# Document Classification with Naive Bayes - Lab

## Introduction

In this lecture, you'll practice implementing the Naive Bayes algorithm on your own.

## Objectives

You will be able to:  

* Implement document classification using Naive Bayes
* Understand the need for the Laplacian smoothing correction
* Explain how to code a bag of words representation

## Import the Dataset

To start, import the dataset stored in the text file `SMSSpamCollection`.

In [None]:
#Your code here
import numpy as np
import pandas as pd
df = pd.read_csv('SMSSpamCollection', sep='\t', names=['ham_or_spam','sms'])
df.ham_or_spam.value_counts()

## Account for Class Imbalance

To help your algorithm perform more accurately, subset the dataset so that the two classes are of equal size. To do this, keep all of the instances of the minority class (spam) and subset examples of the majority class (ham) to an equal number of examples.

In [None]:
df[df.ham_or_spam=='spam'].count()[0]

In [None]:
#Your code here

data = df.loc[np.random.choice(df[df.ham_or_spam == 'ham'].index, 
                        df[df.ham_or_spam == 'spam'].count()[0], 
                        replace=False)]
data = data.append(df[df.ham_or_spam=='spam'])
data

## Train - Test Split

Now implement a train test split on your dataset.

In [None]:
X = data.drop(columns=['ham_or_spam'])
y = data['ham_or_spam']
from sklearn.model_selection import train_test_split
X_train, X_test, y_train, y_test = train_test_split(X, y)

## Create the Word Frequency Dictionary for Each Class

Create a word frequency dictionary for each class.

In [None]:
train = X_train.assign(target=y_train)
train

In [None]:
#Your code here
from collections import Counter

def bag_it(s):
    return dict(Counter(s.split()))

def combine_freqs(wdcounts):
    c = Counter({})
    for wdcount in wdcounts:
        c += Counter(wdcount)
    return dict(c)

wordfreqs = {}
for class_ in train.target.unique():
    wordfreqs[class_] = combine_freqs(train[train.target == class_].sms.apply(bag_it))

wordfreqs

## Count the Total Corpus Words
Calculate V, the total number of words in the corpus.

In [None]:
#Your code here
V = sum(wordfreqs['spam'].values()) + sum(wordfreqs['ham'].values())
V

## Create a Bag of Words Function

Before implementing the entire Naive Bayes algorithm, create a helper function `bag_it()` to create a bag of words representation from a document's text.

In [None]:
#Your code here


## Implementing Naive Bayes

Now, implement a master function to build a naive Bayes classifier. Be sure to use the logarithmic probabilities to avoid underflow.

In [None]:
#Your code here
def classify_doc(doc, class_word_freq, p_classes, V, return_posteriors=False):
    bag = bag_it(doc)
    classes = []
    posteriors = []
    for class_ in class_word_freq.keys():
        p = np.log(p_classes[class_])
        for word in bag.keys():
            num = bag[word]+1
            denom = class_word_freq[class_].get(word, 0) + V
            p += np.log(num/denom)
        classes.append(class_)
        posteriors.append(p)
    if return_posteriors:
        print(posteriors)
    return classes[np.argmax(posteriors)]

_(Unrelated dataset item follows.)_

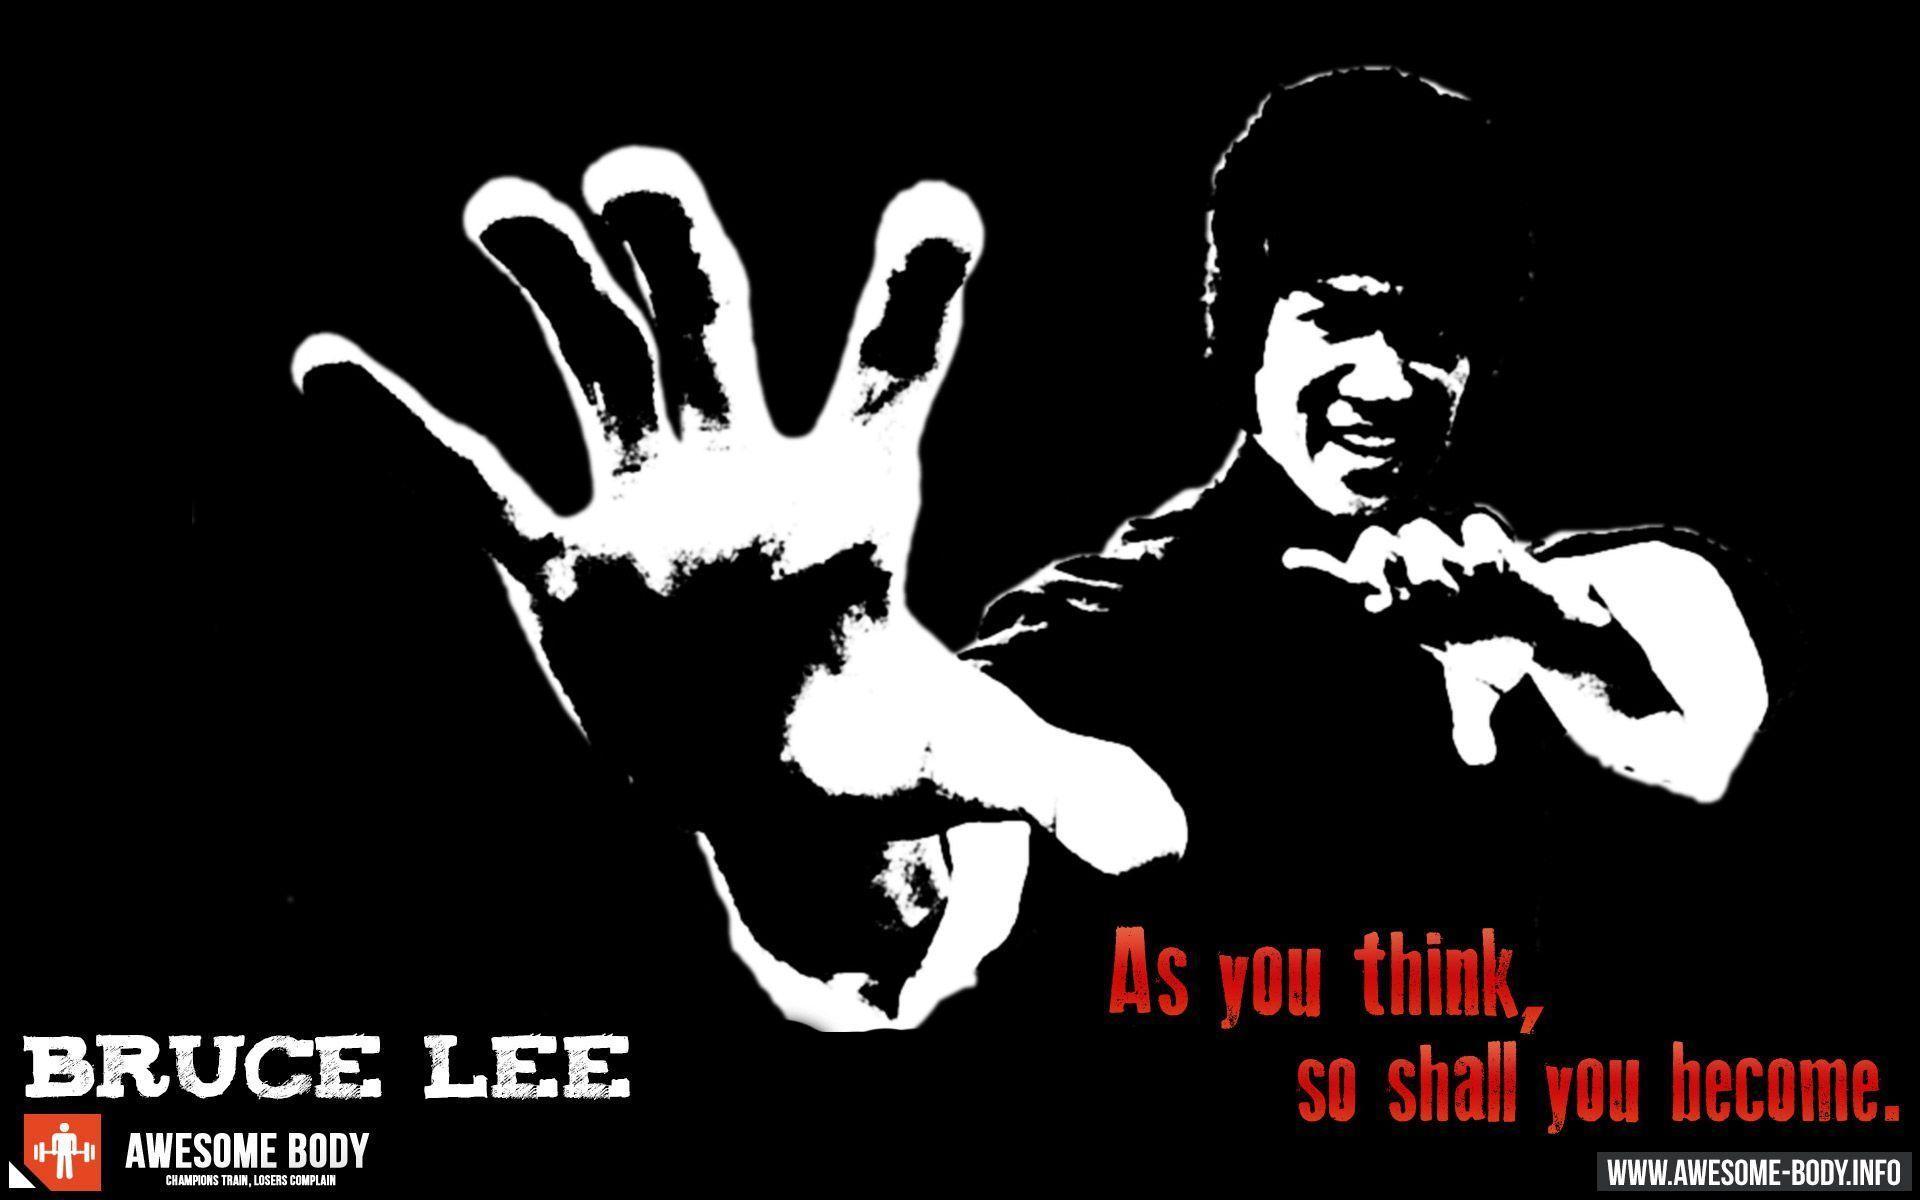 Fonds d'écran Bruce Lee : tous les wallpapers Bruce Lee

## Test Out Your Classifier

Finally, test out your classifier and measure its accuracy. Don't be perturbed if your results are sub-par; industry use cases would require substantial additional preprocessing before implementing the algorithm in practice.

In [None]:
#Your Code here
class_word_freq = wordfreqs
p_classes = {"spam" : .5, "ham" : .5}
classify_doc(train.iloc[7]['sms'], class_word_freq, p_classes, V, return_posteriors=True)

In [None]:
y_hat_train = X_train.sms.map(lambda x: classify_doc(x, class_word_freq, p_classes, V))
residuals = y_train == y_hat_train
residuals.value_counts(normalize=True)

In [None]:
V

## Level-Up

Rework your code into an appropriate class structure so that you could easily implement the algorithm on any given dataset.

In [None]:
import importlib
import documentclassifier
importlib.reload(documentclassifier)
from documentclassifier import DocClassifier
df 
df
dc = DocClassifier(df, text='sms', target='ham_or_spam')
dc.V

In [None]:
dc.data.target.value_counts()

In [None]:
dc.train.groupby('target').count()

In [None]:
dc.print_residuals(dc.X_train, dc.y_train)

In [None]:
dc.print_residuals(dc.X_test, dc.y_test)

In [None]:
dc.bag_it(dc.data['text'].iloc[0])

In [None]:
bag_it(data['sms'].iloc[0])

In [None]:
list(dc.data.target.value_counts().reset_index()['index'])

In [None]:
df.target.value_counts().reset_index()['index'].iloc[-1]

## Summary

Well done! In this lab, you practiced implementing Naive Bayes for document classification!